I wrote a simple util that periodically reads log files and saves the entries to a database. Not much code and seemingly works fine. But after running it on a big lump of logs today I found that it was not production ready … After the first job was finished chewing through all of the logs, the next 15 jobs would fire off, until no more connections could be established and the next job would fail with a SqlException. For the next five hours the app spewed out exceptions unnoticed until running out of memory.

The job was set up using the following cron trigger, “* */2 * * * ?”, which means “run every two minutes”. The weird thing is that after the first job was finished (which took approx. an hour) the remaining jobs would fire rapidly, one after another. This was unexpected, as I would think there had to be two minutes between each job.

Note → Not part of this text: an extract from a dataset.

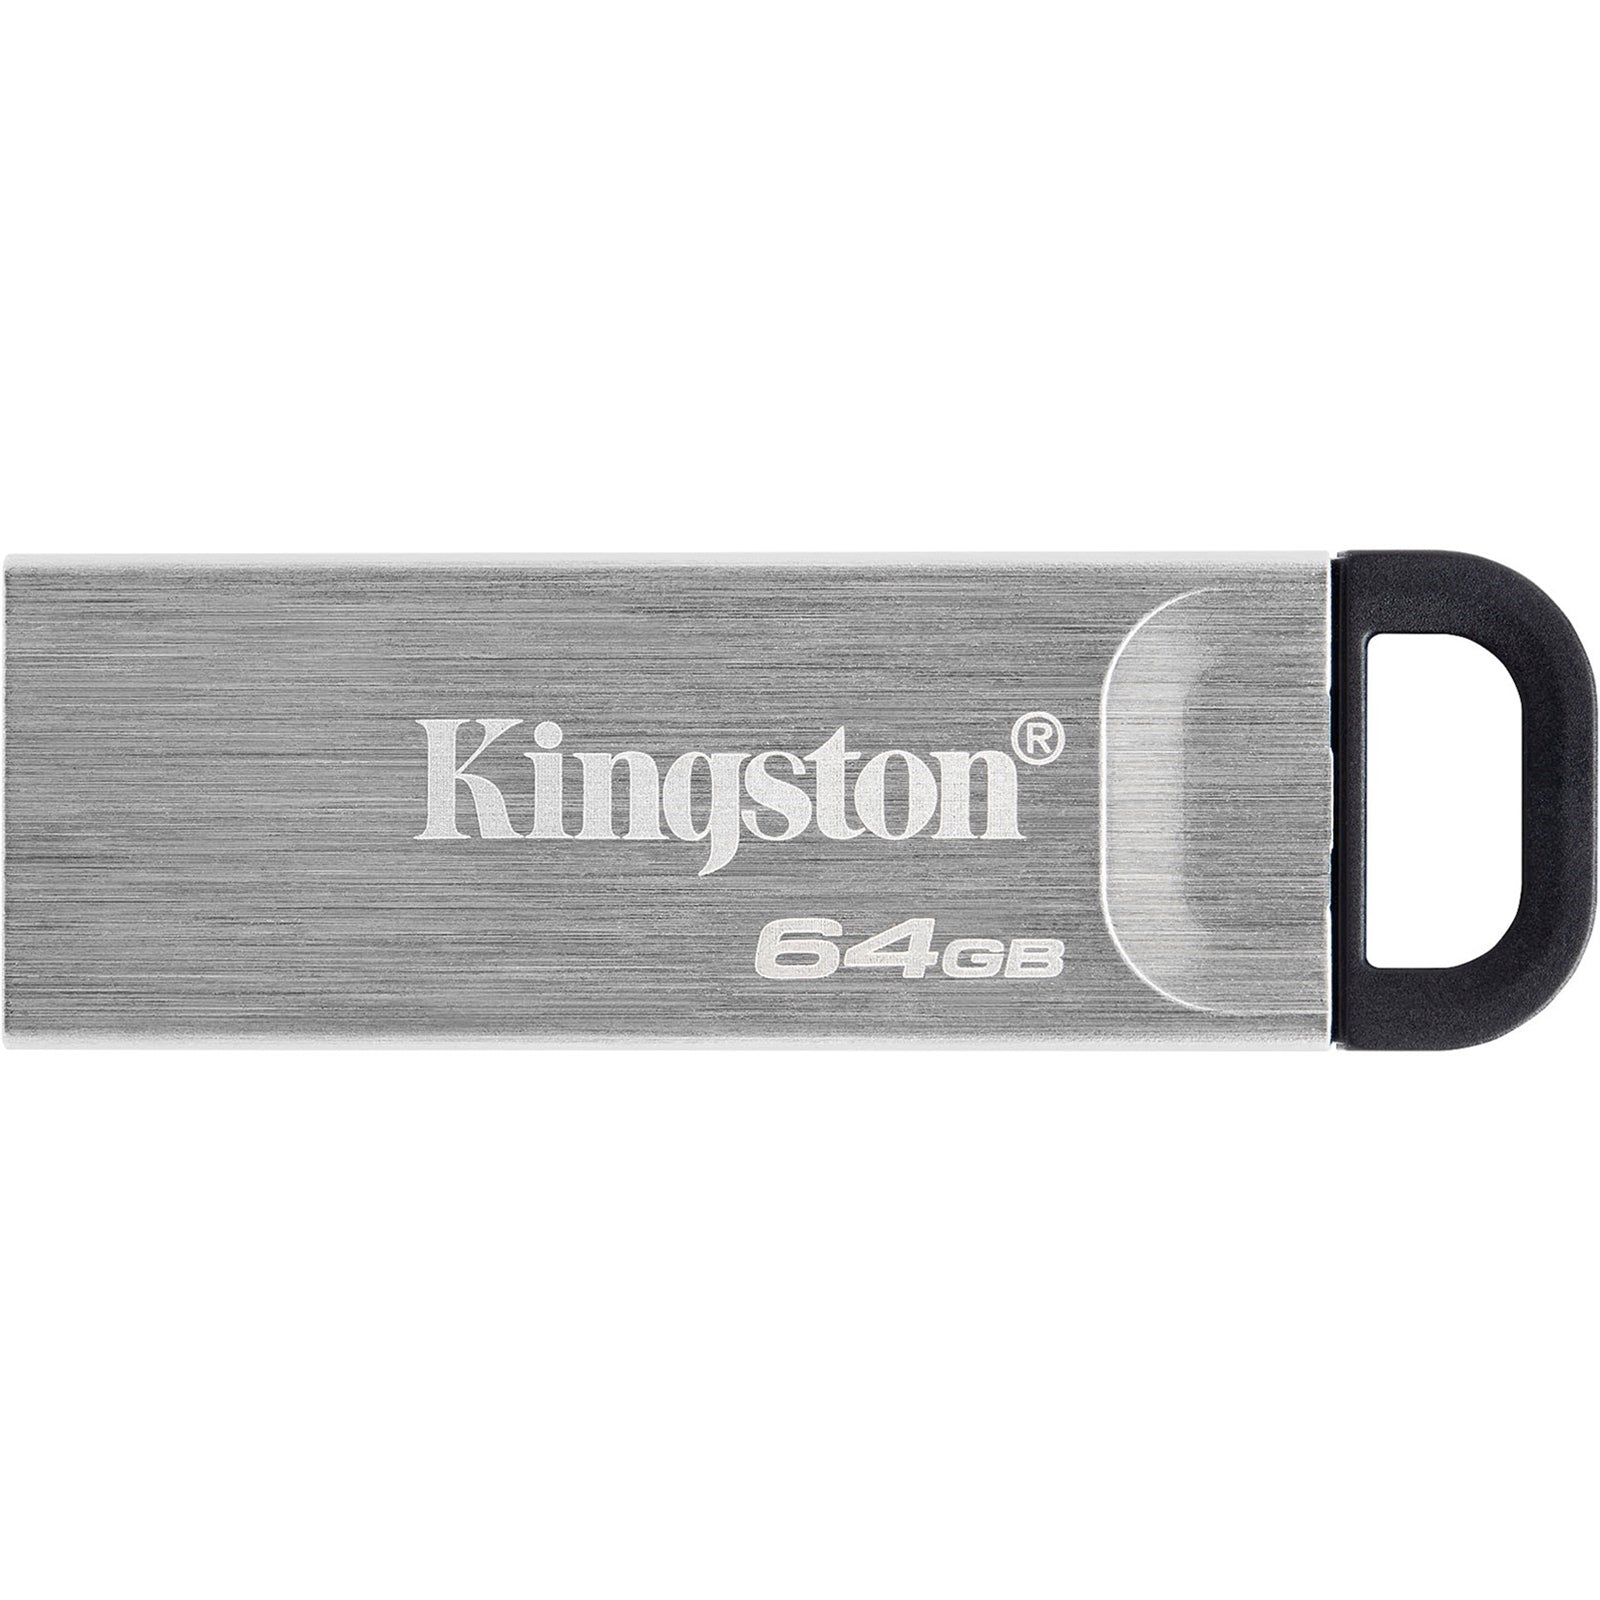 Kingston Kyson 64GB High-Speed USB 3.2 Flash Drive Durable Metal Casing

Now I wonder what could be wrong. I am guessing the reason is either in how I am using Hibernate and/or Quartz. Maybe I am not releasing the session as I should, or have misunderstood how Quartz schedules jobs?Or maybe I should inject the Hibernate factory into to the job, and not create it in each job? getCurrentSession() vs openSession()? No idea. I still do not understand why this should have any effect, as the jobs should release all resources on exit. Anyway, most of the relevant code is to be seen below.

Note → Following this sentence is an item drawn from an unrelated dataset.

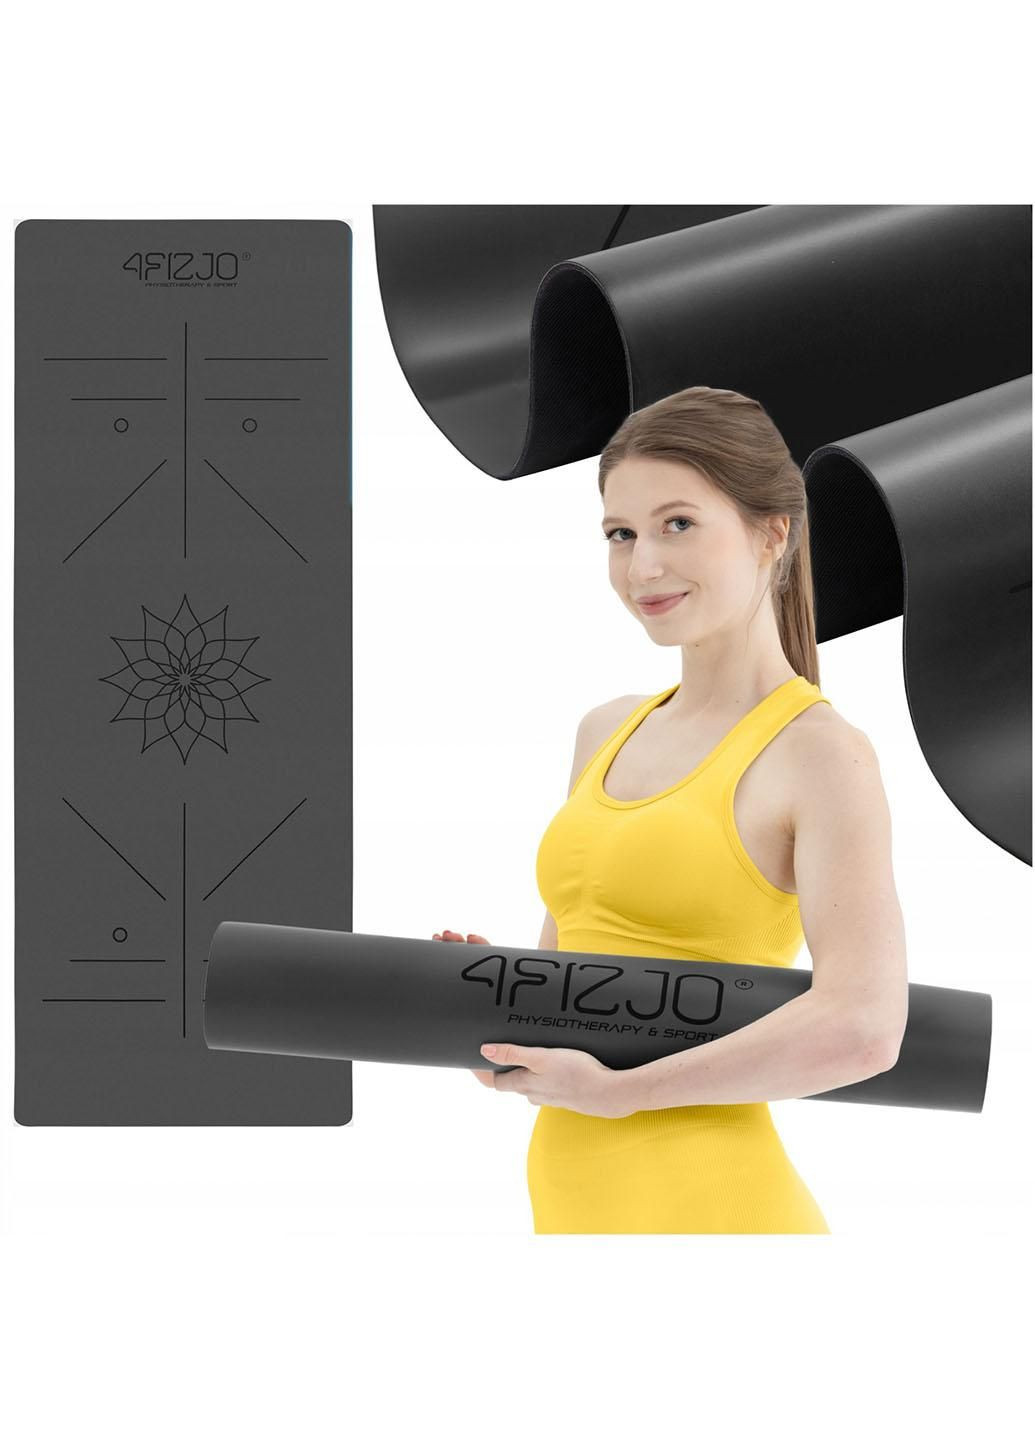 Коврик (мат) спортивный PU 183 x 68 x 0.4 см для йоги и фитнеса 4FJ0587 Black 4FIZJO (280822896)

No matter if I get the connection problem sorted, the code is suffering from some sort of memory leak. It is as if every job executed is somehow kept on the heap. By executing

java -Xmx17M -DcronTriggerExpression="*/1 * * * * ?" -jar myjar.jar,

I can force the problem to appear by running the program with a minimal amount of memory. It just takes four consecutive runs in this case before I get a OutOfMemoryError when building the session factory for hibernate.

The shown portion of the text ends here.